Sipping and swallowing are voluntary actions and qualify as “self-administration.”

If swallowing has become difficult and the person takes nutrition through a feeding tube, they can self-administer medication through the same tube, so long as it is their own voluntary action that delivers the medication.

Yes, sometimes a person who has qualified and obtained medication does not take it.

Sometimes it sits at their bedside as weakness or unconsciousness overtakes them, and they could no longer self-administer it by any means.

These folks die naturally of their disease. A decision not to take the medication, as the window of opportunity begins to close, is just as valid, and deserving of our respect, as a decision to take it.
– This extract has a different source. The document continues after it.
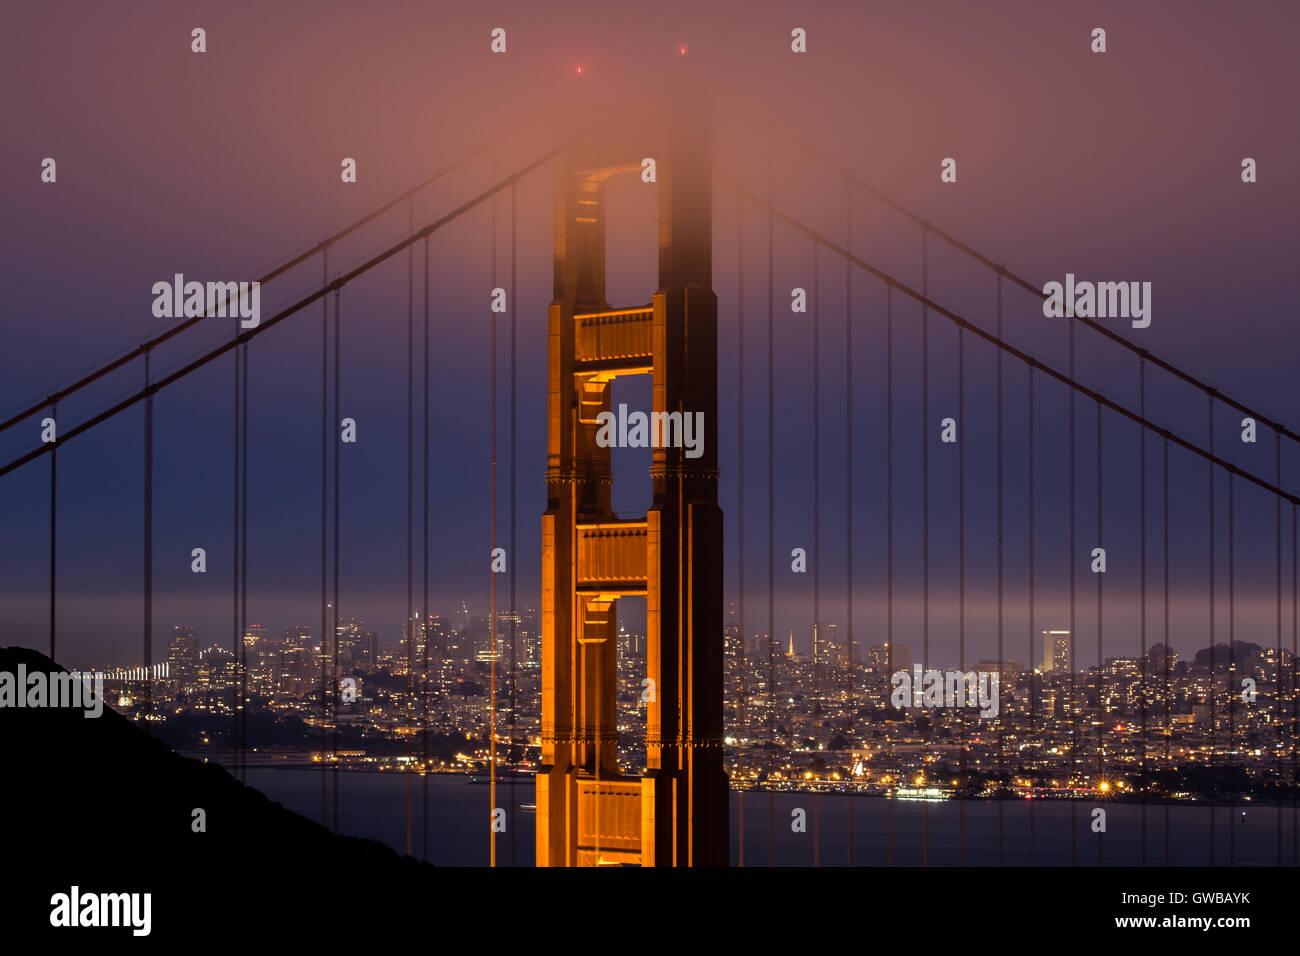 Puente Golden Gate de Kirby Cove, San Francisco, California, EE.UU. Foto de stock

I don’t see the fact that some people allow the window of opportunity to close as a reason to change the law.

The truth is: If state legislatures were to open the qualification window to a one-year prognosis, doctors would have a great deal of trouble determining who qualifies and who does not.

Terminal illness would no longer be readily distinguished from chronic illness and uncertainty would reign.

No organization, including hospice care facilities and Compassion & Choices, which actually works with the terminally ill or helps to implement the law, support the pending bill to amend it.

While well meaning, this legislation would push the law out of synch with hospice care and established medical standards of care. It should be left alone.

Barbara Coombs Lee, PA, FNP, JD, is president of Compassion & Choices, the nation’s leading end-of-life choice advocacy organization. Previously, she was an ER and ICU nurse and physician assistant. This oped originally was published in The Oregonian newspaper.